Expiación: Más allá de la Pasión puede convertirse en una obra legendaria (el tiempo tiene la palabra); a día de hoy podemos decir que sobresale por encima de sus contemporáneas gracias al correcto tratamiento cinematográfico de Joe Wright. Y es que sólo hay una forma de hacer las cosas...



miércoles, 13 de febrero de 2008

SOLA EN LA OSCURIDAD (Wait Until Dark de Terence Young, 1967)

¿Hay algo que le inquiete más al espectador que ver a Audrey Hepburn en peligro? ¿Y si encima es ciega? Estas preguntas seguro que se las hizo Mel Ferrer, productor y marido de la “Mujer Gacela”, a mediados de los sesenta cuando se embarcó en este proyecto.



Wait Until Dark es la adaptación de la obra de teatro homónima de Frederik Knott, autor de “Crimen perfecto” y otros éxitos policíacos. Se rodó un año después de su estreno en Broadway, y supuso la nominación al oscar para su protagonista. Oscar que, finalmente, se lo llevó la otra Hepburn, Katharine, por Adivina quien viene esta noche (Guess Who's coming to Dinner de Stanley Kramer, 1967).

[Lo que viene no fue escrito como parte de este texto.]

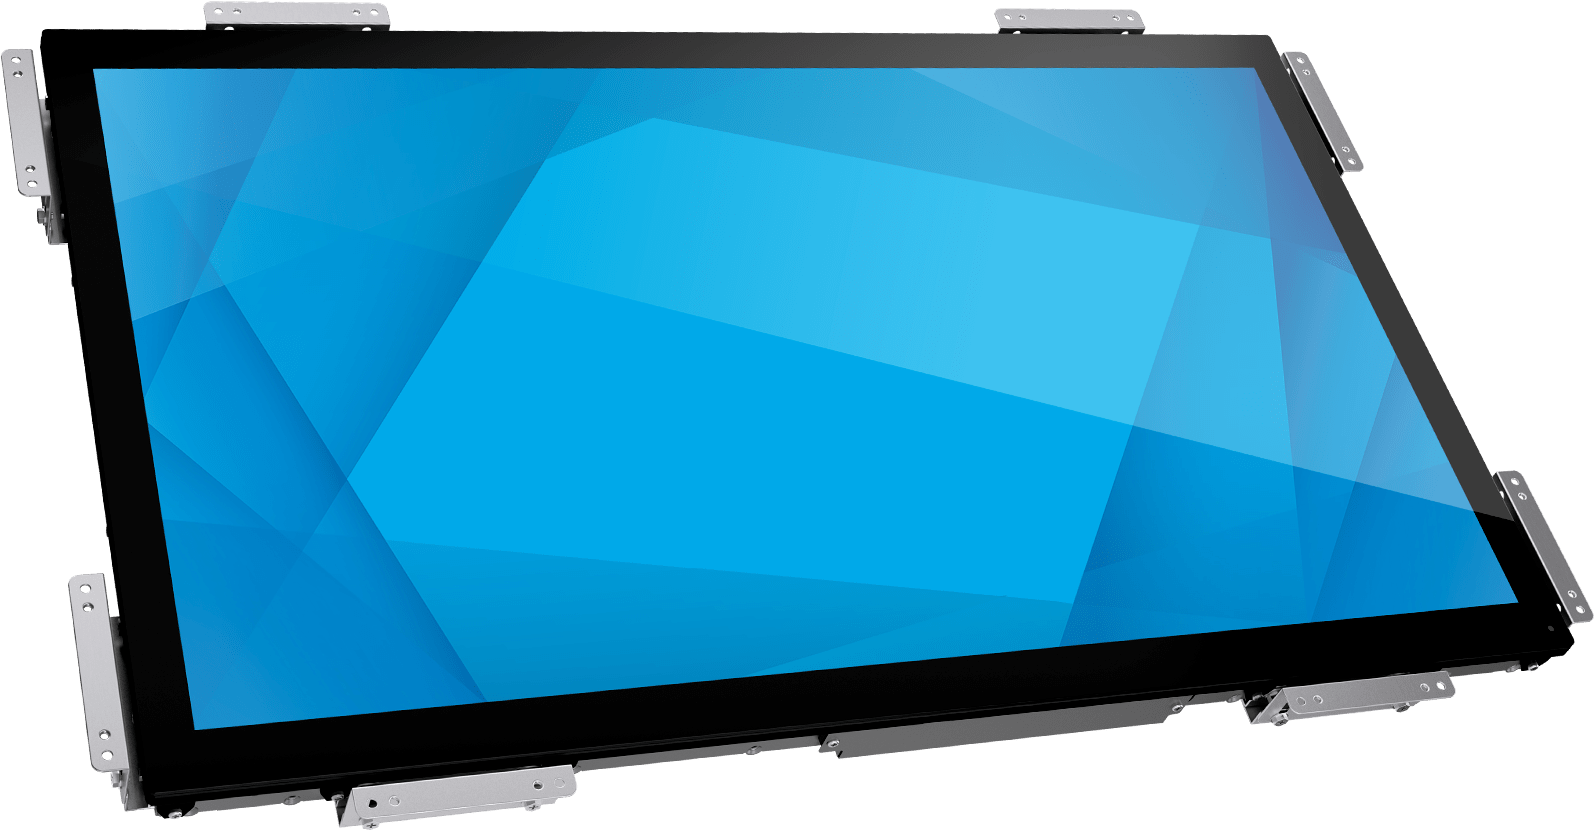 Portaretratos Digital Vealife Touchscreen Wifi FHD -Negro

El equipo técnico, al servicio de Audrey Hepburn, resultó algo irregular. Si bien el director era lo que se llamaba un buen “artesano”(como lo demostró en aquella primera entrega de la serie “James Bond”: El Agente 007 contra el doctor No) y la música de Henry Mancini era muy adecuada, tanto Alan Arkin, como Richard Crenna y el “blando” y televisivo Efrem Zimbalist Jr., chirriaban algo en el resultado final. Sin embargo la actuación de Audrey Hepburn bastó para sacar adelante el proyecto. Eso sí, no evitó la ruptura de su matrimonio, ni su ausencia de los escenarios en casi diez años.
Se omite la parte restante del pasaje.